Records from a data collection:

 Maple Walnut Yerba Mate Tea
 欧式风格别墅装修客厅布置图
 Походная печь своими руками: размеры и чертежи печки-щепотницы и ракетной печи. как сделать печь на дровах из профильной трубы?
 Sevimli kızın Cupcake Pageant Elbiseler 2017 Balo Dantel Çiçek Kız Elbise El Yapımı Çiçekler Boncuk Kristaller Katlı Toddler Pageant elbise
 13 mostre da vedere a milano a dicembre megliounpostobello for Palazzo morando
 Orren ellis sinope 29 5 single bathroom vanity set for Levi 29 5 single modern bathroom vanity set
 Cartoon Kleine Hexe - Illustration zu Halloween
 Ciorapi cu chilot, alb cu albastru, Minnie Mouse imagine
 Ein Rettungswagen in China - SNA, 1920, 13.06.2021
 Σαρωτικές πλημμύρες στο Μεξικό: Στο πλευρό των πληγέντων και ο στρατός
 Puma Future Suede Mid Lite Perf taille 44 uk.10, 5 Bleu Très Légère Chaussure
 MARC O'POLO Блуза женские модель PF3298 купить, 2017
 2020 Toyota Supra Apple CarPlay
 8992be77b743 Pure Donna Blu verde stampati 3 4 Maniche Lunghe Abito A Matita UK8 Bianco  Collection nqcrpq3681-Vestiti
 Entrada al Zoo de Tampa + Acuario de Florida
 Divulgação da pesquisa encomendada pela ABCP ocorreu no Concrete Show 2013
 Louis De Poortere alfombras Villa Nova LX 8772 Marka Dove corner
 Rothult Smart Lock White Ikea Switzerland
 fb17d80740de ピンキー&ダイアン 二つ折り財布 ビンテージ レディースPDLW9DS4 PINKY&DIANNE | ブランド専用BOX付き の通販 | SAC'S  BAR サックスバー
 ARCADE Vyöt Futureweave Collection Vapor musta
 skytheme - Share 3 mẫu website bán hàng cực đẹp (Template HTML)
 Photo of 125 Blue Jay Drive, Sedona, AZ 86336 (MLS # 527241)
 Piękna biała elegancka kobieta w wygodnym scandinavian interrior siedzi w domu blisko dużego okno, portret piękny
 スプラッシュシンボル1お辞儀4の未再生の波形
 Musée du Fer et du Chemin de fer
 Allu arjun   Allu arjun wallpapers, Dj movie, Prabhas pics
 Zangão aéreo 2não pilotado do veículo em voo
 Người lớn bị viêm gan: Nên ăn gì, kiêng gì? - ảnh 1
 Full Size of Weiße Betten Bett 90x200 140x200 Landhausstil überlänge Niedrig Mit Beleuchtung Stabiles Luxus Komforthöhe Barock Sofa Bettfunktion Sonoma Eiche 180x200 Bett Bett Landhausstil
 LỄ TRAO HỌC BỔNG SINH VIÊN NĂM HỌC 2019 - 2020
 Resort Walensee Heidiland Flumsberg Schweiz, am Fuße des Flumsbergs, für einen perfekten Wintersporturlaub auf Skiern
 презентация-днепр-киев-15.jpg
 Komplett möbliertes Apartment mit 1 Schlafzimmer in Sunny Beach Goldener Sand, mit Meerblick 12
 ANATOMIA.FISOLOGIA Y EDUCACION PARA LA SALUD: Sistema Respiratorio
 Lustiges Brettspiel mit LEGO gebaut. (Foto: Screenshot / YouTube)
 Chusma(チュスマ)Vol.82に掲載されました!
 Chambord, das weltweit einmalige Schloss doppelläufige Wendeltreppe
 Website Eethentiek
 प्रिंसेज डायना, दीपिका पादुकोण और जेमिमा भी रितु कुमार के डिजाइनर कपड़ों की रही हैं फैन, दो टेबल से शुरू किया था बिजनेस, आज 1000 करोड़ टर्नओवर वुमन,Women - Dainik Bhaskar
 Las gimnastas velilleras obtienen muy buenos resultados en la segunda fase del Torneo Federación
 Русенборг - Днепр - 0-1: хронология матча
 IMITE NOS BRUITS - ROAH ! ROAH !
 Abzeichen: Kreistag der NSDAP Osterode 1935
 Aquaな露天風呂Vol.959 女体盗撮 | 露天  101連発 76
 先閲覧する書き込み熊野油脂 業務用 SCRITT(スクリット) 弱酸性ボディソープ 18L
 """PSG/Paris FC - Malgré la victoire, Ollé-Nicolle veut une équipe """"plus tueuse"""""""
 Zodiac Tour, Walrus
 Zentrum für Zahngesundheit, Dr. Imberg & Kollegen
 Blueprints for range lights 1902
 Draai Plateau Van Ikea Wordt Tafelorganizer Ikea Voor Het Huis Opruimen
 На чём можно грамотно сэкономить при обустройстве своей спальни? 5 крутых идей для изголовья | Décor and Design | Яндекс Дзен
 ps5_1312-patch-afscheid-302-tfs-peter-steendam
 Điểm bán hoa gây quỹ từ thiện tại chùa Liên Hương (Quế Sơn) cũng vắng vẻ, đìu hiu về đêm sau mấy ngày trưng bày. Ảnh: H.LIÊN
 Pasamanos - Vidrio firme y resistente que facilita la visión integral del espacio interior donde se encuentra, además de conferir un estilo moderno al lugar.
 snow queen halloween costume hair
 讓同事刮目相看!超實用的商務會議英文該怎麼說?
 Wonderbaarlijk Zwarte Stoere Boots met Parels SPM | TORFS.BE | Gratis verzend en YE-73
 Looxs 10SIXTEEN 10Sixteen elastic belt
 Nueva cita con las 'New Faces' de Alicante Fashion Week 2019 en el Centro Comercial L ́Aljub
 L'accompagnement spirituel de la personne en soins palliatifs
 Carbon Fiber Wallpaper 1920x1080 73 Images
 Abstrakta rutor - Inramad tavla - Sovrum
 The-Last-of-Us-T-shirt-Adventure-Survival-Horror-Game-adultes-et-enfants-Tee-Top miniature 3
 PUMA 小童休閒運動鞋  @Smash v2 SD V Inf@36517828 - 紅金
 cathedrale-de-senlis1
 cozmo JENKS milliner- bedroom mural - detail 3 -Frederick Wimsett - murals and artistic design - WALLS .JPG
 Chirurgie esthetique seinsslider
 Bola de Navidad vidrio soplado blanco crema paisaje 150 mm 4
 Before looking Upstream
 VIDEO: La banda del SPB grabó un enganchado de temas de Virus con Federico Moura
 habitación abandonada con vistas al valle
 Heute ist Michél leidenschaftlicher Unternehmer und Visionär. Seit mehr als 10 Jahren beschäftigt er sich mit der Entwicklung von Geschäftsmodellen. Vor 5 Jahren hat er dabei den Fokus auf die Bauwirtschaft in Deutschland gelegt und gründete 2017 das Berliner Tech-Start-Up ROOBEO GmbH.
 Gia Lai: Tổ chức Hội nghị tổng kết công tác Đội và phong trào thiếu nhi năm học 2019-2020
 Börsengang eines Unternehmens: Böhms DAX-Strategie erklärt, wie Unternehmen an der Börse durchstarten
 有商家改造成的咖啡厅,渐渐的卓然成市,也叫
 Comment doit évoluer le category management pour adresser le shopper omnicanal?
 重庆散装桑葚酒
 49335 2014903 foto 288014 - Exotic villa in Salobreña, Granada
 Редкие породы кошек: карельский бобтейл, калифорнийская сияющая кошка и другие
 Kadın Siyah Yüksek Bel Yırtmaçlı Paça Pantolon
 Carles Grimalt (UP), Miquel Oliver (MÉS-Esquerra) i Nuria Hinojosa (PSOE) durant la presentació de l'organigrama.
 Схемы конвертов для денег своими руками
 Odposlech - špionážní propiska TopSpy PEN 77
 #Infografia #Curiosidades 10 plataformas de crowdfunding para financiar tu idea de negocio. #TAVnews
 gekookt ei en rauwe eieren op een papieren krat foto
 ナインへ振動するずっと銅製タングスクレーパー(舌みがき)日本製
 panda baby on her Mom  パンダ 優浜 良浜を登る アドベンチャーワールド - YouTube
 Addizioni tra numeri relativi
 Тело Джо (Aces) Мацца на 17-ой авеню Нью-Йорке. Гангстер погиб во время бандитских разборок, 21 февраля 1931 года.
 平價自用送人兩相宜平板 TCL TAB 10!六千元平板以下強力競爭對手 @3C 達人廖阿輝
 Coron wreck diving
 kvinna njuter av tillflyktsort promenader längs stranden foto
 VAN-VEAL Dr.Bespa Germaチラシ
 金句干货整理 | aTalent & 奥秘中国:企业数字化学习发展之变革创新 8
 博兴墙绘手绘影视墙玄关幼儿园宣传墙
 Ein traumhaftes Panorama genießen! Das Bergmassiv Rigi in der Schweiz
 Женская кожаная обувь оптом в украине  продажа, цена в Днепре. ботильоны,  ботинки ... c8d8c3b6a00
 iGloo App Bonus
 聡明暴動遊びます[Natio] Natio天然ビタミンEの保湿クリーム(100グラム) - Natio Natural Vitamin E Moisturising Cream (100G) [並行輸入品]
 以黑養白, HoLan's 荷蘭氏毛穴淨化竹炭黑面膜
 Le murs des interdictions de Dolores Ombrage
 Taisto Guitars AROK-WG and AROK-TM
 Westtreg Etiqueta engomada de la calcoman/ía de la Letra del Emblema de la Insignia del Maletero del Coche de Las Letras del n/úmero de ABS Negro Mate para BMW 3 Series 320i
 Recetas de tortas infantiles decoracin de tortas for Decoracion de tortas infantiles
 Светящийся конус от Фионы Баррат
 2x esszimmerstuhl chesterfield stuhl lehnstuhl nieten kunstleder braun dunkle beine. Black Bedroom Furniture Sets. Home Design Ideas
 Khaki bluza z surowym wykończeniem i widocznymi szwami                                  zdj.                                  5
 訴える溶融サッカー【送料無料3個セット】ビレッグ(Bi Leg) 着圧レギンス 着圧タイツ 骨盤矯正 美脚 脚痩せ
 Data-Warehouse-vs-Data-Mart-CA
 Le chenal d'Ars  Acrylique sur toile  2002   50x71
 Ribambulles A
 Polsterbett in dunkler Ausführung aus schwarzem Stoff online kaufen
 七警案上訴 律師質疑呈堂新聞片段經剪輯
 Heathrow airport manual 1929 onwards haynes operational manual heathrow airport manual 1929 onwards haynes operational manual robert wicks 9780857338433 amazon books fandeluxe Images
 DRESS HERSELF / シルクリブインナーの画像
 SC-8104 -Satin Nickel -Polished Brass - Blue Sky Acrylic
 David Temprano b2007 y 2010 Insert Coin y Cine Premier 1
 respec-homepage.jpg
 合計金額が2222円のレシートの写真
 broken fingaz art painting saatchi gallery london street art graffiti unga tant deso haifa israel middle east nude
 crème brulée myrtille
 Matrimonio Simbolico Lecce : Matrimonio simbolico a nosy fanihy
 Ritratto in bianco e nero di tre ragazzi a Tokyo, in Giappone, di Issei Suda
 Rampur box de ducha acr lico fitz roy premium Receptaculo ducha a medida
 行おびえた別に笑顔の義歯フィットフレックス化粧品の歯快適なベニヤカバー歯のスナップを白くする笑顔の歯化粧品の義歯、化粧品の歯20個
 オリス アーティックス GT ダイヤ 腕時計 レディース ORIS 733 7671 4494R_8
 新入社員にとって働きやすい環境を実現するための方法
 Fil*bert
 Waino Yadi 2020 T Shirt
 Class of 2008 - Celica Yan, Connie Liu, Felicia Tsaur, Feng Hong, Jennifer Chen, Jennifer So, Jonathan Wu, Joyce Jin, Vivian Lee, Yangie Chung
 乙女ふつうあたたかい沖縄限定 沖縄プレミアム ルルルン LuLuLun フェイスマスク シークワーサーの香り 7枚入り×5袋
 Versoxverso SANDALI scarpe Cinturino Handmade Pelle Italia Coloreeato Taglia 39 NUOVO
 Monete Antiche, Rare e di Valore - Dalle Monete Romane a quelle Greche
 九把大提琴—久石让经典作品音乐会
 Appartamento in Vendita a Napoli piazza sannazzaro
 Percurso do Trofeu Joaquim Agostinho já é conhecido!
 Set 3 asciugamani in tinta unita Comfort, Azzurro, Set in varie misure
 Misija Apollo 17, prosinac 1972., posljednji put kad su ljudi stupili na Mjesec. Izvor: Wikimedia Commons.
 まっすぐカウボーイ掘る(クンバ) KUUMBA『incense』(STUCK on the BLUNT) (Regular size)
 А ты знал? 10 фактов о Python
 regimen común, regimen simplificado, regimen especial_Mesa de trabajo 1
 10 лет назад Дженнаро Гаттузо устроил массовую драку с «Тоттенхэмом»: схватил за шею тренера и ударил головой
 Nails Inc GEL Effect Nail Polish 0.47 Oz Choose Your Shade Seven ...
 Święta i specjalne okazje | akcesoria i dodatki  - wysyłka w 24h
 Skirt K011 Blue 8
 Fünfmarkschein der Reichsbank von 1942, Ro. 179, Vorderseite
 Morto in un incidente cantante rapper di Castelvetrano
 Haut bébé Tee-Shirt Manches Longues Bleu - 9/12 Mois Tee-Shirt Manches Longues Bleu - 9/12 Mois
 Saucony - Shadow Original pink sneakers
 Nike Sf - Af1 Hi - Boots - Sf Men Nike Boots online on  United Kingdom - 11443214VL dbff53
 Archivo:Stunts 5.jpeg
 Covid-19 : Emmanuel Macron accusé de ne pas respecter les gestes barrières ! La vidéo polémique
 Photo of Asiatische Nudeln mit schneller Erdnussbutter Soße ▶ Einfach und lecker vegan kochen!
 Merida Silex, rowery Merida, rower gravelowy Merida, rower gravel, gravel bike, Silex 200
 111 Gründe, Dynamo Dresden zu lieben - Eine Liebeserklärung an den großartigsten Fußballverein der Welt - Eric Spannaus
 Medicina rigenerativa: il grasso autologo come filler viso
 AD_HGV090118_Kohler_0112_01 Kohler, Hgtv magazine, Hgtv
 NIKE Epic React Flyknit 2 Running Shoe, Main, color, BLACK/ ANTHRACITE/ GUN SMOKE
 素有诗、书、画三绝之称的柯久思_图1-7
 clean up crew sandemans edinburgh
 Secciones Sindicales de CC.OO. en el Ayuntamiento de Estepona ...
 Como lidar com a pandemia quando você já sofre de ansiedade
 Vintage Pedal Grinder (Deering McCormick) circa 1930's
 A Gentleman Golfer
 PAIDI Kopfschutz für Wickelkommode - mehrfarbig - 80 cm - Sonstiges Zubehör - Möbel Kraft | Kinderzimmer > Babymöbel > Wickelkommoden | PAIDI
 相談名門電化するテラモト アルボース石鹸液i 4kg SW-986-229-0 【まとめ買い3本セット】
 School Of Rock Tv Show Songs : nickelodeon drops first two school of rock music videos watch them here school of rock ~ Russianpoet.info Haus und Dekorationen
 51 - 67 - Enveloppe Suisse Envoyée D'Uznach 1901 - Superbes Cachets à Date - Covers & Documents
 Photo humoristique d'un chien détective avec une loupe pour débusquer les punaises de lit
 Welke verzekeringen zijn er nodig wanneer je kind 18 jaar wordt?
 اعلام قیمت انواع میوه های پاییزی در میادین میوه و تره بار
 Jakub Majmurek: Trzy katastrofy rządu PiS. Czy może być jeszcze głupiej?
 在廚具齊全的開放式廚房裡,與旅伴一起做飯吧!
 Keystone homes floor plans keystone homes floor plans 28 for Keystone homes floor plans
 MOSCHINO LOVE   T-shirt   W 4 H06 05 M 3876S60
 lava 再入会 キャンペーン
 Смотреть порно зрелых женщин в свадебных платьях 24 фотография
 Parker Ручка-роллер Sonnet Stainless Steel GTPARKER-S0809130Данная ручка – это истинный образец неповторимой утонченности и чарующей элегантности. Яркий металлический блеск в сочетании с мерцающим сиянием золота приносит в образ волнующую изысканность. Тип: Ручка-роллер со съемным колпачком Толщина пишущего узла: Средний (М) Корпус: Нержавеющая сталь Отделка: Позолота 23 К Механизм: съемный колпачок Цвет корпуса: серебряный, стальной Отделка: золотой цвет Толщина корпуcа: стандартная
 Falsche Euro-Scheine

• [Work item]
Look above for the line with "Full Size of" and the line with "प्रिंसेज डायना, दीपिका"; transcribe both and all lines in between, exactly, and nothing else.

• [Result for this exercise]
 Full Size of Weiße Betten Bett 90x200 140x200 Landhausstil überlänge Niedrig Mit Beleuchtung Stabiles Luxus Komforthöhe Barock Sofa Bettfunktion Sonoma Eiche 180x200 Bett Bett Landhausstil
 LỄ TRAO HỌC BỔNG SINH VIÊN NĂM HỌC 2019 - 2020
 Resort Walensee Heidiland Flumsberg Schweiz, am Fuße des Flumsbergs, für einen perfekten Wintersporturlaub auf Skiern
 презентация-днепр-киев-15.jpg
 Komplett möbliertes Apartment mit 1 Schlafzimmer in Sunny Beach Goldener Sand, mit Meerblick 12
 ANATOMIA.FISOLOGIA Y EDUCACION PARA LA SALUD: Sistema Respiratorio
 Lustiges Brettspiel mit LEGO gebaut. (Foto: Screenshot / YouTube)
 Chusma(チュスマ)Vol.82に掲載されました!
 Chambord, das weltweit einmalige Schloss doppelläufige Wendeltreppe
 Website Eethentiek
 प्रिंसेज डायना, दीपिका पादुकोण और जेमिमा भी रितु कुमार के डिजाइनर कपड़ों की रही हैं फैन, दो टेबल से शुरू किया था बिजनेस, आज 1000 करोड़ टर्नओवर वुमन,Women - Dainik Bhaskar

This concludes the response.